[[ Material to process open ]]
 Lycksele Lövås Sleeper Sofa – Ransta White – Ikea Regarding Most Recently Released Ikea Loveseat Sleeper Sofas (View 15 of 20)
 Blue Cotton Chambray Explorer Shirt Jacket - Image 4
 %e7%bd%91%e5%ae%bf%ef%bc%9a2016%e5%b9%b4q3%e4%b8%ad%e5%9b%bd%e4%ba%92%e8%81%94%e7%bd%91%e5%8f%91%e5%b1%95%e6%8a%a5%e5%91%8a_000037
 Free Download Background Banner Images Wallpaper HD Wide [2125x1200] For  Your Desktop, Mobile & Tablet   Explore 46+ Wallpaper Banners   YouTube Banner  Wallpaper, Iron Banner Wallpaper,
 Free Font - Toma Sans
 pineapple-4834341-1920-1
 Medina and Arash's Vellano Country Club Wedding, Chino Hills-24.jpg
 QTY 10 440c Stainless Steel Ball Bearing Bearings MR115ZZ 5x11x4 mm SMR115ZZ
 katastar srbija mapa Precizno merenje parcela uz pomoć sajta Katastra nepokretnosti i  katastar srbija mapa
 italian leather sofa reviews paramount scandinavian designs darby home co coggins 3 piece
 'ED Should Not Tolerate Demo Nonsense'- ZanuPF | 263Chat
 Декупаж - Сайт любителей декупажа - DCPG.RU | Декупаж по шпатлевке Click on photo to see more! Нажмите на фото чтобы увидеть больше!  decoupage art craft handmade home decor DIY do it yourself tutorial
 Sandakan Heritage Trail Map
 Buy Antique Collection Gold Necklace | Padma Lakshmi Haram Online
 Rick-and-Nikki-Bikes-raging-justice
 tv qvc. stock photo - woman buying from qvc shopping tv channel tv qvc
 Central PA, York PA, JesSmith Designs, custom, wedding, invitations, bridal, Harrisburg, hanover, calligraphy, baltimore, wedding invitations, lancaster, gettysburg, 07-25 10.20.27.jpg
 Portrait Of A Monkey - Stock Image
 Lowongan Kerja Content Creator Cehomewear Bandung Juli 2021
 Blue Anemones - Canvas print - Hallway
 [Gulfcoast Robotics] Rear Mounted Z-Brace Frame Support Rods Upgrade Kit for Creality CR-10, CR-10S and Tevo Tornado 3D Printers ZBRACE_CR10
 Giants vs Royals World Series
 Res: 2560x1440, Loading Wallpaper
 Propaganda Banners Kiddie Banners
[[ Material to process closed ]]
→ **Aim of the exercise**: Each record above has to be repeated word for word.

→ **Output**:
 Lycksele Lövås Sleeper Sofa – Ransta White – Ikea Regarding Most Recently Released Ikea Loveseat Sleeper Sofas (View 15 of 20)
 Blue Cotton Chambray Explorer Shirt Jacket - Image 4
 %e7%bd%91%e5%ae%bf%ef%bc%9a2016%e5%b9%b4q3%e4%b8%ad%e5%9b%bd%e4%ba%92%e8%81%94%e7%bd%91%e5%8f%91%e5%b1%95%e6%8a%a5%e5%91%8a_000037
 Free Download Background Banner Images Wallpaper HD Wide [2125x1200] For  Your Desktop, Mobile & Tablet   Explore 46+ Wallpaper Banners   YouTube Banner  Wallpaper, Iron Banner Wallpaper,
 Free Font - Toma Sans
 pineapple-4834341-1920-1
 Medina and Arash's Vellano Country Club Wedding, Chino Hills-24.jpg
 QTY 10 440c Stainless Steel Ball Bearing Bearings MR115ZZ 5x11x4 mm SMR115ZZ
 katastar srbija mapa Precizno merenje parcela uz pomoć sajta Katastra nepokretnosti i  katastar srbija mapa
 italian leather sofa reviews paramount scandinavian designs darby home co coggins 3 piece
 'ED Should Not Tolerate Demo Nonsense'- ZanuPF | 263Chat
 Декупаж - Сайт любителей декупажа - DCPG.RU | Декупаж по шпатлевке Click on photo to see more! Нажмите на фото чтобы увидеть больше!  decoupage art craft handmade home decor DIY do it yourself tutorial
 Sandakan Heritage Trail Map
 Buy Antique Collection Gold Necklace | Padma Lakshmi Haram Online
 Rick-and-Nikki-Bikes-raging-justice
 tv qvc. stock photo - woman buying from qvc shopping tv channel tv qvc
 Central PA, York PA, JesSmith Designs, custom, wedding, invitations, bridal, Harrisburg, hanover, calligraphy, baltimore, wedding invitations, lancaster, gettysburg, 07-25 10.20.27.jpg
 Portrait Of A Monkey - Stock Image
 Lowongan Kerja Content Creator Cehomewear Bandung Juli 2021
 Blue Anemones - Canvas print - Hallway
 [Gulfcoast Robotics] Rear Mounted Z-Brace Frame Support Rods Upgrade Kit for Creality CR-10, CR-10S and Tevo Tornado 3D Printers ZBRACE_CR10
 Giants vs Royals World Series
 Res: 2560x1440, Loading Wallpaper
 Propaganda Banners Kiddie Banners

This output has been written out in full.